Using the wrong distribution code on Schedule K-1 can cause partners to misreport income, leading to IRS matching discrepancies or underreporting penalties. With Codes D, F, and G now required for specific distribution types in 2025, do not default to Code A for all distributions. Conduct a distribution audit before preparing the 2025 Form 1065.
What Are the New Line 20 Codes (Code AZ and Code ZZ) for Other Transactions? 🔍
Two new codes — Code AZ and Code ZZ — have been added to Line 20 of Schedules K and K-1 for specific events or transactions beyond ordinary distributions.

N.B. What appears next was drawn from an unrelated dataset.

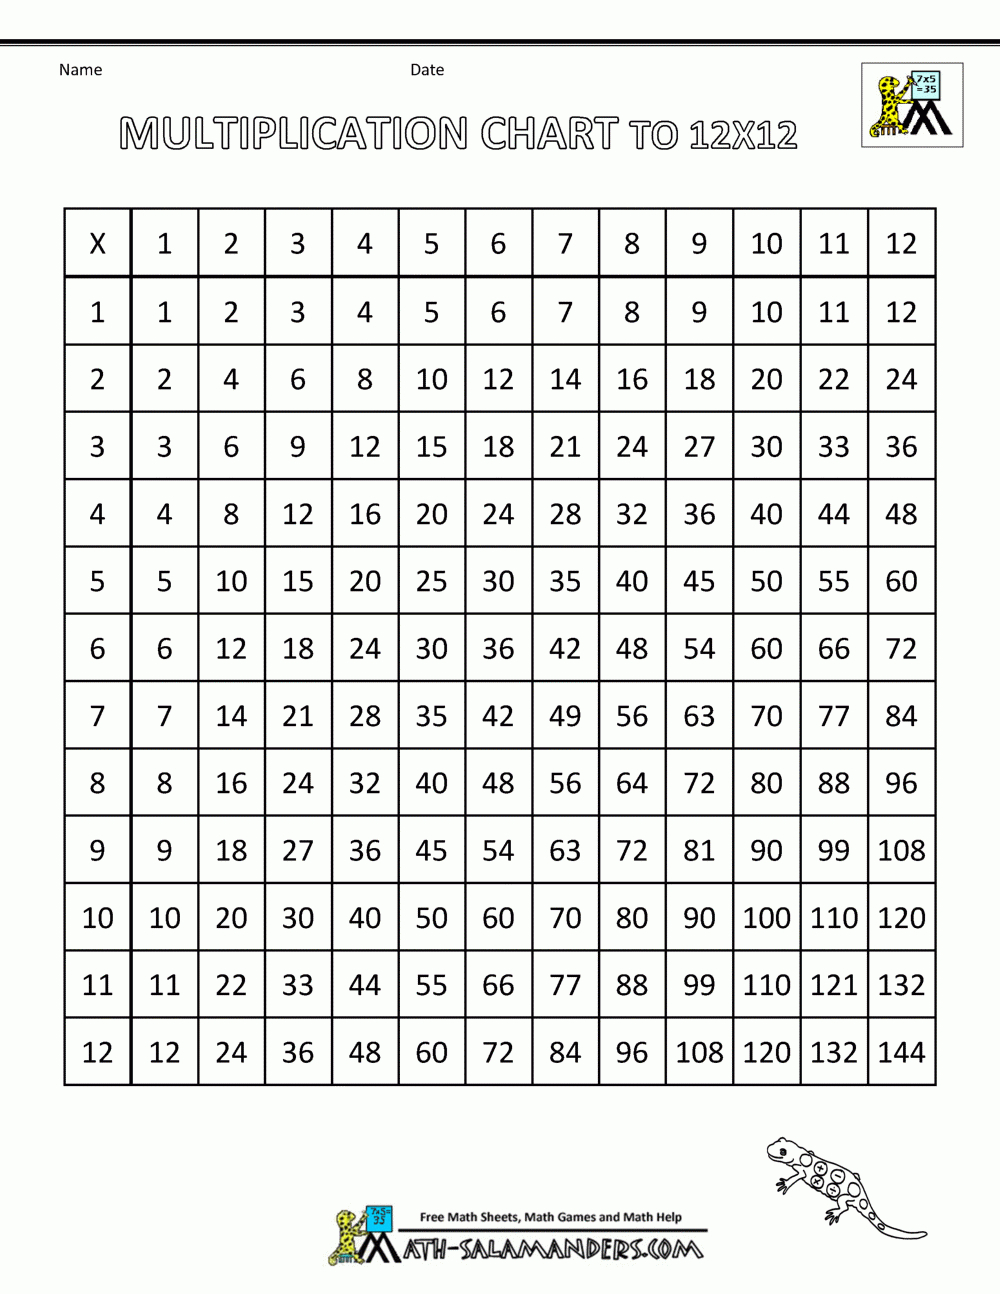 Printable Multiplication Table 1-12 Pdf | PrintableMultiplication.com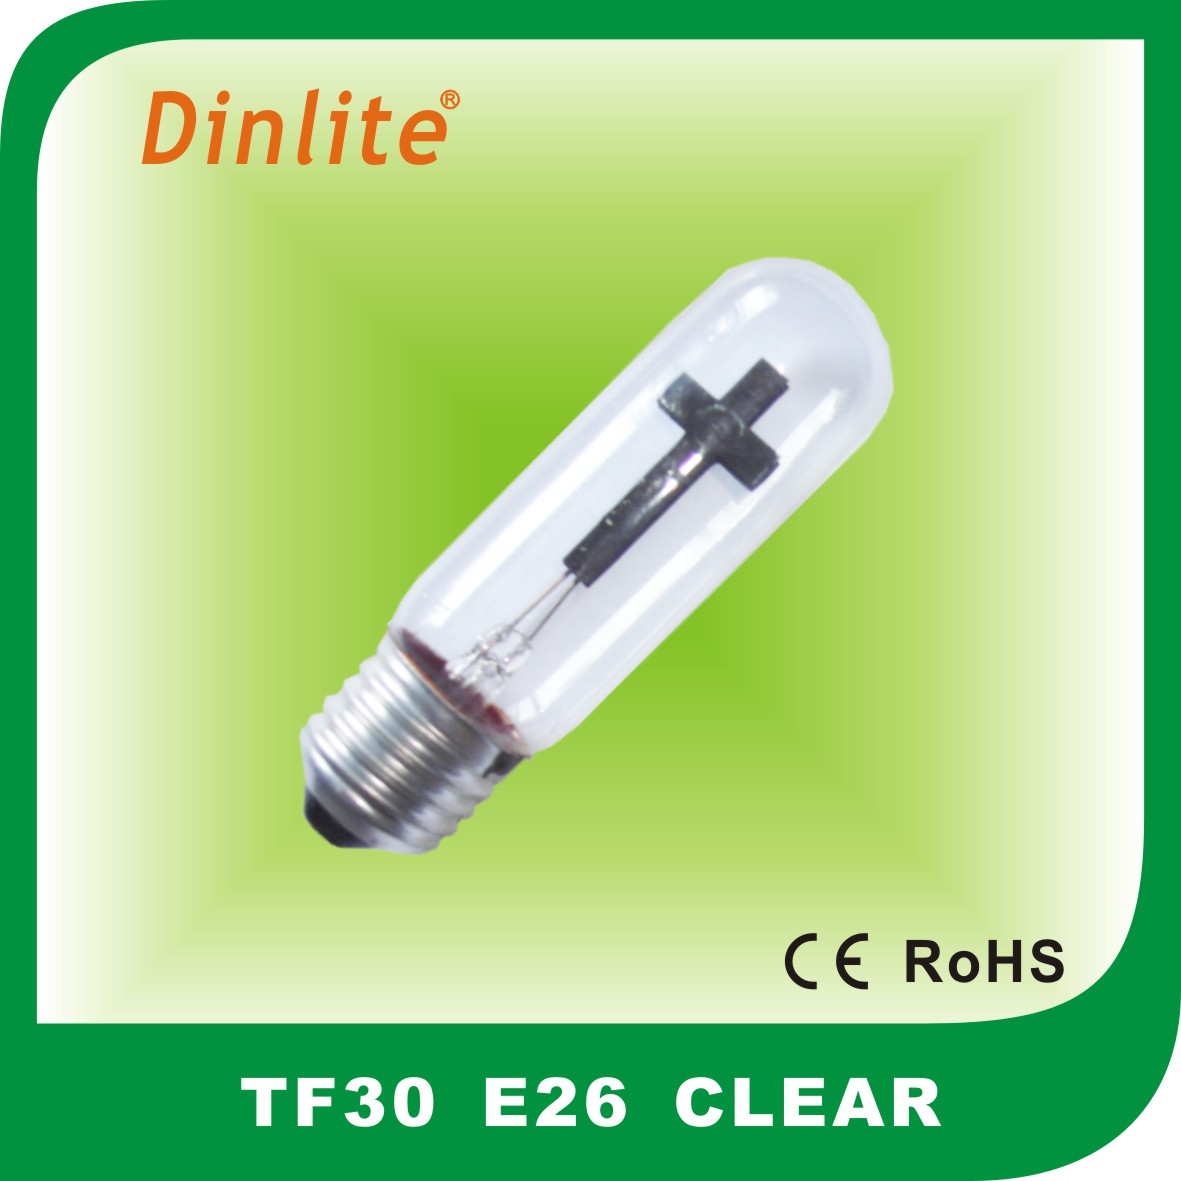 TF30 E26 Flame Tube Lamps Incandescent Bulbs For Decorative Purpose

Code AZ — Preformation Expenditure Reimbursements: When a partner contributes property and is later reimbursed for costs incurred before the contribution (preformation expenditures), this can trigger the disguised sale rules under IRC Section 707. Treasury Regulations Section 1.707-4(d) provides an exception for legitimate preformation expenditure reimbursements. Code AZ reports these reimbursements, giving the partner documentation to support the disguised sale exception.
Code ZZ — Qualified Farmland Gain under IRC Section 1062: This is a new provision under the One Big Beautiful Bill Act. When partnerships sell qualified farmland property to qualified farmers, the resulting capital gains are reported via Code ZZ. Partners receiving this code may elect to pay their share of the gain in installments — a significant cash flow benefit for agricultural partnerships transferring land to qualified buyer-farmers. The election is made at the partner level.
How Do These Form 1065 Updates Affect Partnership Tax Planning for 2025? 📊
These changes require partnerships and advisors to review distributions and transactions with greater precision for the 2025 tax year.
- K-2 exception eligibility check: Confirm all partners are US persons and no international tax items exist. Check Line 16b to claim the exception and skip K-2/K-3.
- Liability allocation review: Any decrease in a partner’s share of liabilities creates a Code D deemed distribution — which may trigger gain if it exceeds outside basis.
- Identify service distributions: If any partner received a distribution for services performed in 2025 — managing partners, promoted interest holders — determine whether Code F or G applies.
- Agricultural partnerships — farmland sales: If your partnership sold qualified farmland to a qualified farmer in 2025, use Code ZZ and advise partners of the installment election under IRC Section 1062.
- Preformation reimbursements: If any partner received a reimbursement for preformation costs, report under Code AZ and preserve documentation for the disguised sale exception.
- Overpayment routing: With direct deposit now available on Line 32, update banking information for faster refund processing.
We recently worked with a Southern California real estate limited partnership that had a managing partner receiving a profit-based distribution for overseeing property management. Under prior practice, this was being reported under Code A. Under the 2025 instructions, distributions for services must now be evaluated for Code F or G treatment. We correctly classified the distribution as Code F (cash for services) and ensured the managing partner’s K-1 properly reflected the income character — avoiding potential IRS scrutiny and ensuring consistent filing.
How to Submit Feedback on the 2025 Form 1065 Instructions 📩
The IRS is actively inviting feedback on the 2025 instructions to inform the development of tax year 2026 forms. Submit comments at IRS.gov/FormsComments using these subject lines:
- Form 1065 Instructions: subject line “Instructions for Form 1065”
- Schedule K-1 Instructions: subject line “Partner’s Instructions Schedule K-1”
Tax professionals who work with partnership returns regularly have a meaningful opportunity to shape how these instructions evolve. The new codes — particularly Codes F, G, and D — may benefit from further clarification in future guidance.